The major looked at him hard. Then he went across to his desk and sat down.
“You’re the Mamur Zapt, are you?” He spoke with distaste. "That’s right,” said Owen. “OK?”
“You can question him,” said the major, with a stress on the “you.” “He can’t.”
“I don’t want him to question. I want him to listen.”
“He can’t.”
“I want facilities made available for him to listen in.”
The major looked at the papers on his desk.
“It doesn’t say anything about that here,” he said.
“It doesn’t have to.”
“For something like this,” said the major, “I’d need authorization.” “You don’t usually.”
“I do this time,” said the major. He thought for a moment and then smiled. “Yes,” he said, “that’s right. For something like this I’d need special authorization. In writing.”
“That would be too late. The man’s coming out on Thursday.” “Pity!”
Owen considered going over the major’s head, directly to the commander-in-chief. He knew one of the Sirdar’s aides-de-camp.
The major must have seen him look at the telephone, for he said: “I’d need it in writing. From the Sirdar. Personally.”
It would take too long.
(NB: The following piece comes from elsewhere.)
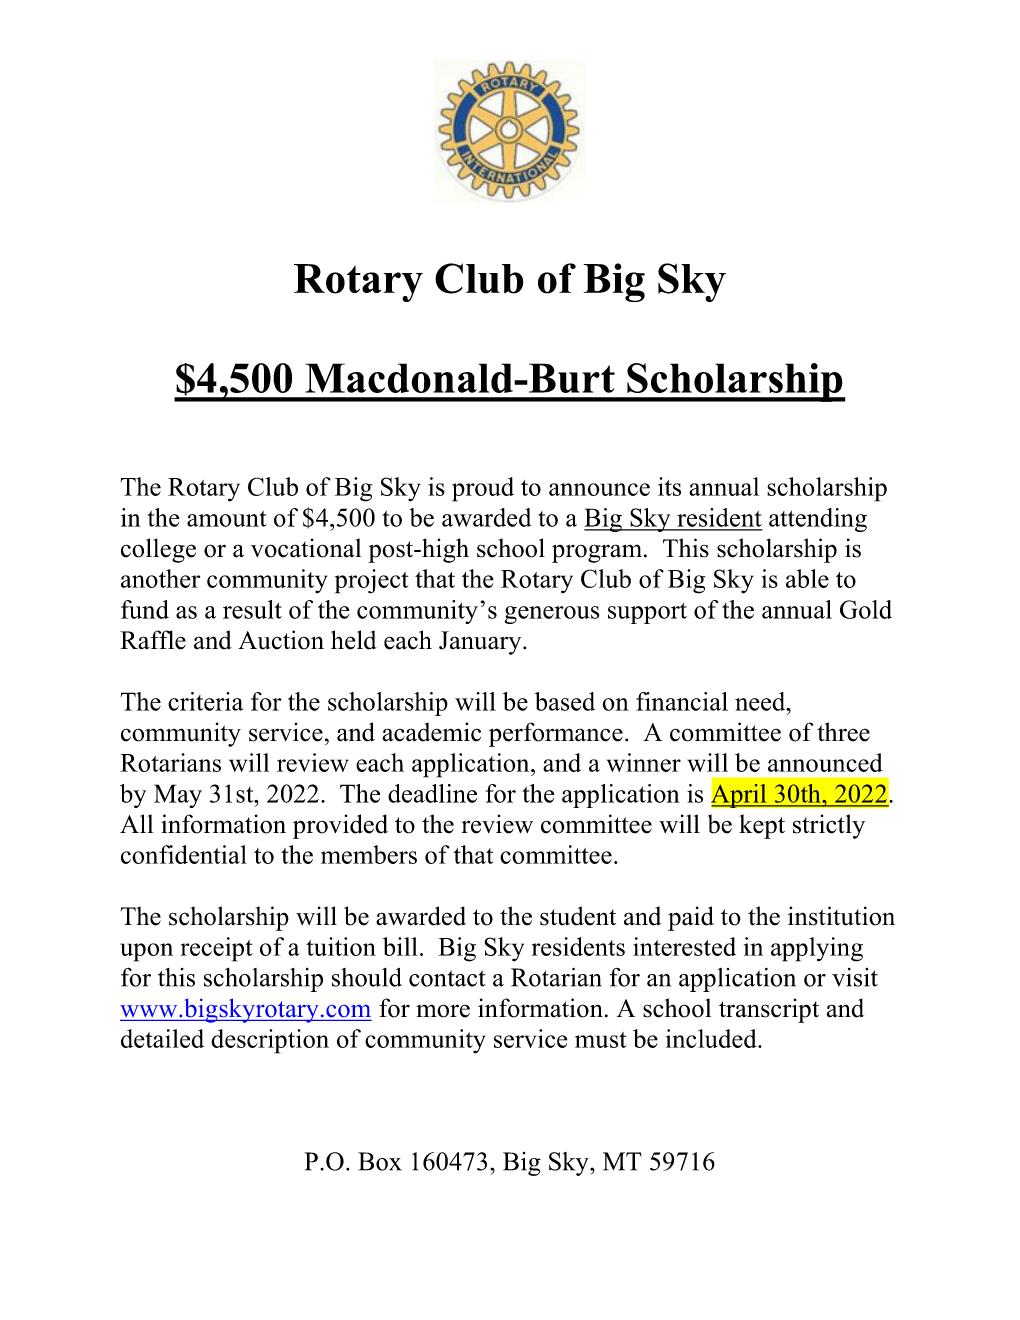 Rotary - Macdonald-Burt Scholarship | Rotary Club of Big Sky

Even if he got through to John, John would need time to clear it.
The major was watching him. “OK?” he said.
“Not OK,” said Owen.
“Dear, dear!”
“There’s a certain amount of rush on.”
“Difficult.”
“Could be,” said Owen. “For you.”
“Why me?” The major raised eyebrows.
“If things go wrong.”
“Why should they?”
Owen carried on as if he hadn’t heard.
“Especially if it came out why they went wrong.”
“I’ll risk that.”
All the same the major must have felt a little uneasy, for he said: “You won’t get anything out of him. Not if he’s coming out on Thursday.”
“I’ll risk that,” said Owen. “It’s just that I’d like el Zaki to listen in.”
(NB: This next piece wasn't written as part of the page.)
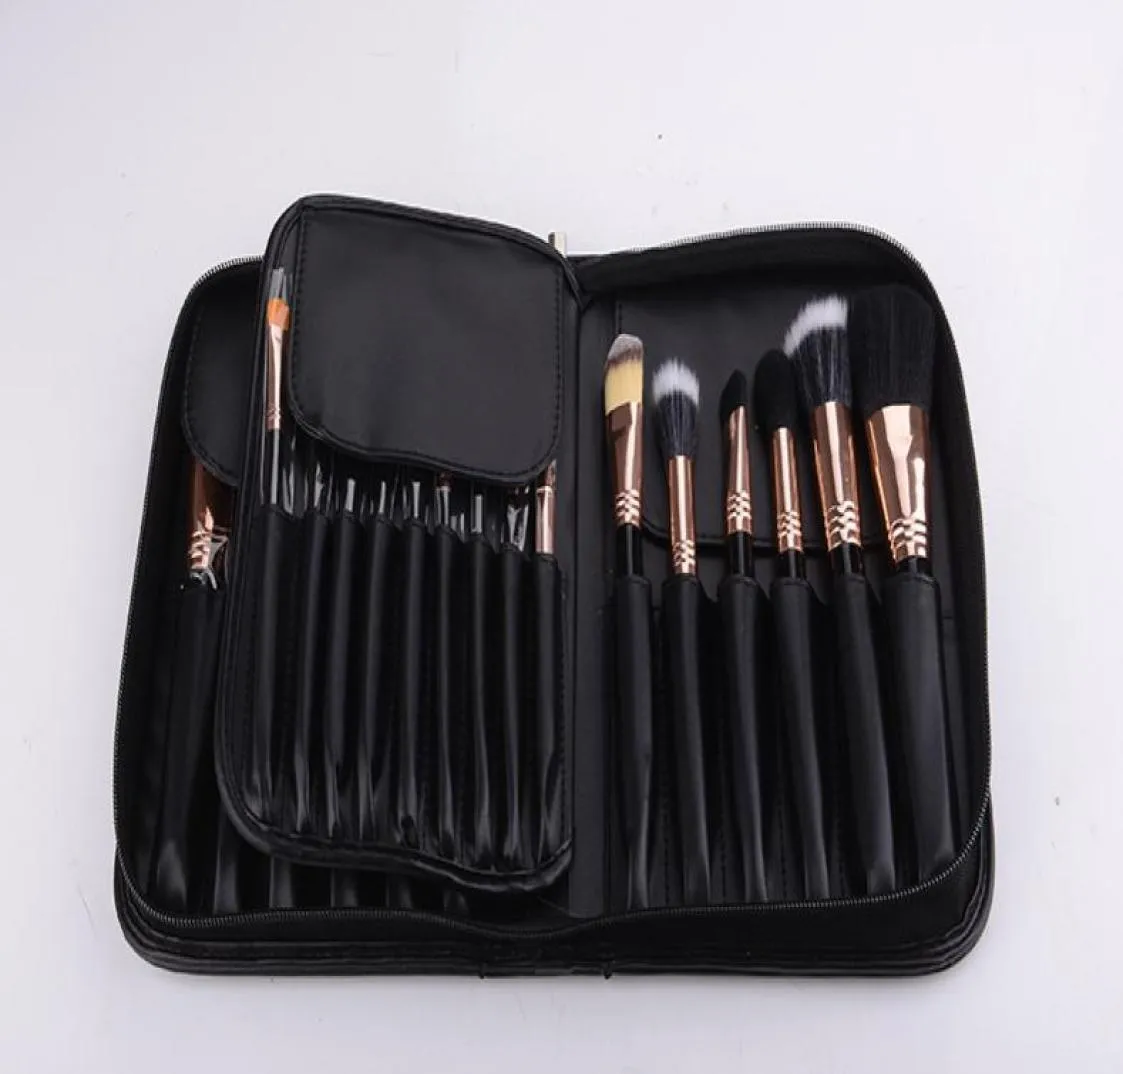 Brand Makeup Brushes Complete Kit Rose Gold Makeup Brush Kit Pinceis Maquiagem 29pcsset4565498

“Didn’t you hear?” asked the major. “In writing. From the Sirdar. Personally.”
Owen sighed.
“Anything else I can do for you?” asked the major.
"No,” said Owen. “Not yet.”
He turned to go, then stopped.
“Oh, just one thing-”
“Yes?”
“Major…?”
“Brooker,” said the major. “Major Brooker.”
“Thank you,” said Owen. “That was it.”
“It wasn’t my fault, sir,” the ex-sergeant said. “I trusted those bloody Gyppies. That bloody ’Assan. He’d got it all figured out. He had his mates outside. ’Course, I was wrong to trust him. That was my mistake.”
Ingenuous blue eyes met Owen’s. Owen, who did not believe a word of it, decided to play along.
“Tell me about this Hassan,” he said.
“Bloody orderly, sir. Used to run messages. ’Ere, there and everywhere. Kept his eyes open. Didn’t miss much.”
“You think he tipped somebody off?”
“Or let them in, sir. There was a skylight found open. You know, I’d been looking at that bloody skylight a couple of days before. There was only a simple catch on it and I thought to myself: Anyone could open that. But I didn’t bother much because it was so small. I thought: Nobody can get in there. But do you know what I think, sir? The way it was done?”